Couple of observations from the 'commands_output' file.
getfattr -d -m . -e hex
opt/lvmdir/c2/brick/logfiles/availability/CELLO_AVAILABILITY2_LOG.xml
The afr xattrs do not indicate that the file is in split brain:
# file:
opt/lvmdir/c2/brick/logfiles/availability/CELLO_AVAILABILITY2_LOG.xml
trusted.afr.c_glusterfs-client-1=0x000000000000000000000000
trusted.afr.dirty=0x000000000000000000000000
trusted.bit-rot.version=0x000000000000000b56d6dd1d000ec7a9
trusted.gfid=0x9f5e354ecfda40149ddce7d5ffe760ae
getfattr -d -m . -e hex
opt/lvmdir/c2/brick/logfiles/availability/CELLO_AVAILABILITY2_LOG.xml
trusted.afr.c_glusterfs-client-0=0x000000080000000000000000
trusted.afr.c_glusterfs-client-2=0x000000020000000000000000
trusted.afr.c_glusterfs-client-4=0x000000020000000000000000
trusted.afr.c_glusterfs-client-6=0x000000020000000000000000
trusted.afr.dirty=0x000000000000000000000000
trusted.bit-rot.version=0x000000000000000b56d6dcb7000c87e7
trusted.gfid=0x9f5e354ecfda40149ddce7d5ffe760ae
1. There doesn't seem to be a split-brain going by the trusted.afr* xattrs.

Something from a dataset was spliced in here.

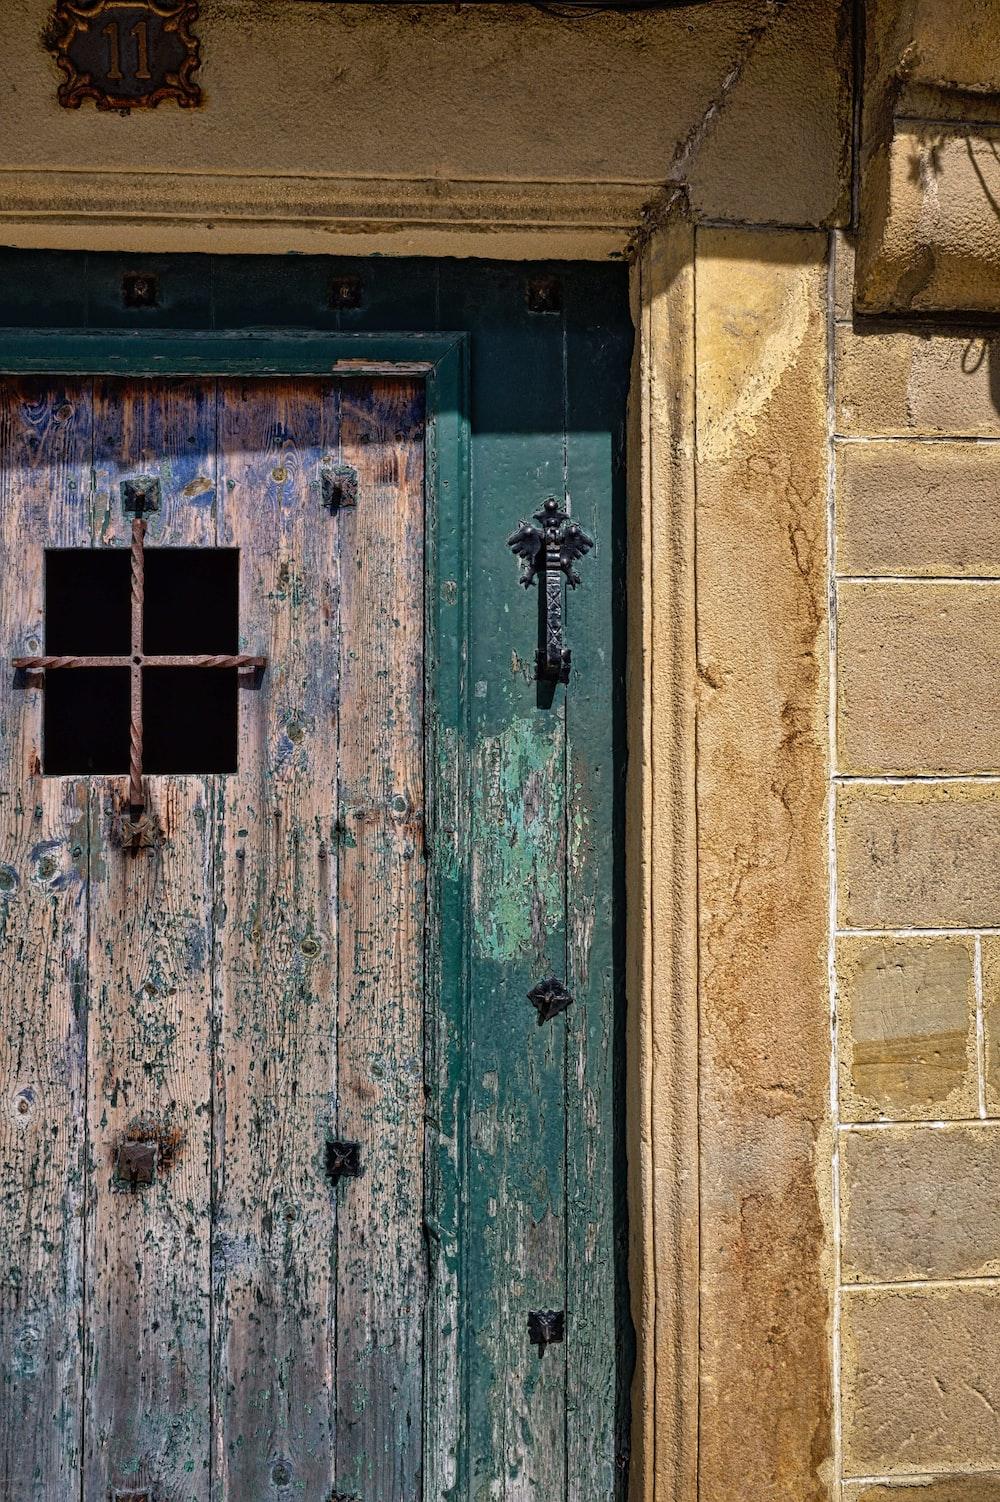 closed green and brown wooden door panel
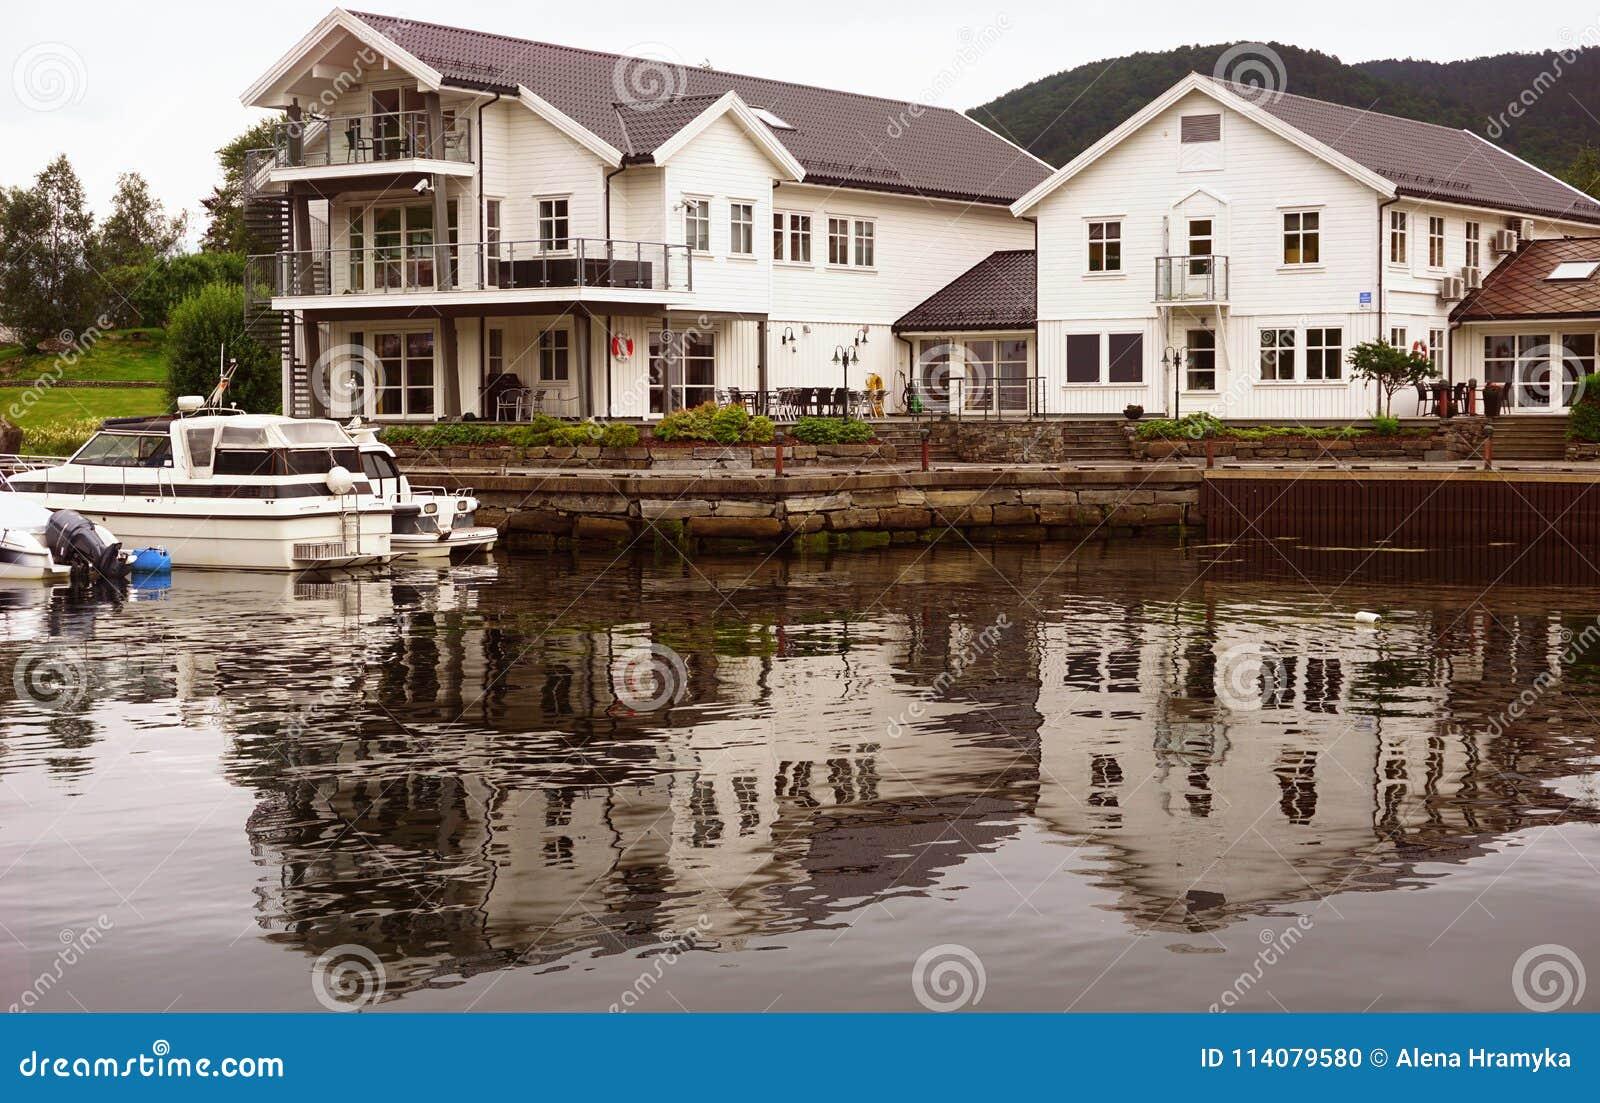 Casas blancas noruegas en la orilla del fiordo, arquitectura escandinava clásica

2. You seem to have re-used the bricks from another volume/setup. For
replica 2, only trusted.afr.c_glusterfs-client-0 and
trusted.afr.c_glusterfs-client-1 must be present but I see 4 xattrs -
client-0,2,4 and 6
3. On the rebooted node, do you have ssl enabled by any chance? There is
a bug for "Not able to fetch volfile' when ssl is enabled:
https://bugzilla.redhat.com/show_bug.cgi?id=1258931
Btw, you for data and metadata split-brains you can use the gluster CLI
https://github.com/gluster/glusterfs-specs/blob/master/done/Features/heal-info-and-split-brain-resolution.md
instead of modifying the file from the back end.
-Ravi
>
> So, what I have done I manually deleted the gfid entry of that file
> from .glusterfs directory and follow the instruction mentioned in the
> following link to do heal
>
> https://github.com/gluster/glusterfs/blob/master/doc/debugging/split-brain.md
>
> and this works fine for me.
>
> But my question is why the split-brain command not showing any file in
> output.
>
> Here I am attaching all the log which I get from the node for you and
> also the output of commands from both of the boards
>
> In this tar file two directories are present
>
> 000300 - log for the board which is running continuously
> 002500- log for the board which is rebooted
>
> I am waiting for your reply please help me out on this issue.
>
> Thanks in advanced.
>
> Regards,
> Abhishek
>
> On Fri, Feb 26, 2016 at 1:21 PM, ABHISHEK PALIWAL
> <abhishpaliwal at gmail.com <mailto:abhishpaliwal at gmail.com>> wrote:
>
> On Fri, Feb 26, 2016 at 10:28 AM, Ravishankar N
> <ravishankar at redhat.com <mailto:ravishankar at redhat.com>> wrote:
>
> On 02/26/2016 10:10 AM, ABHISHEK PALIWAL wrote:
>>
>> Yes correct
>>
>
> Okay, so when you say the files are not in sync until some
> time, are you getting stale data when accessing from the mount?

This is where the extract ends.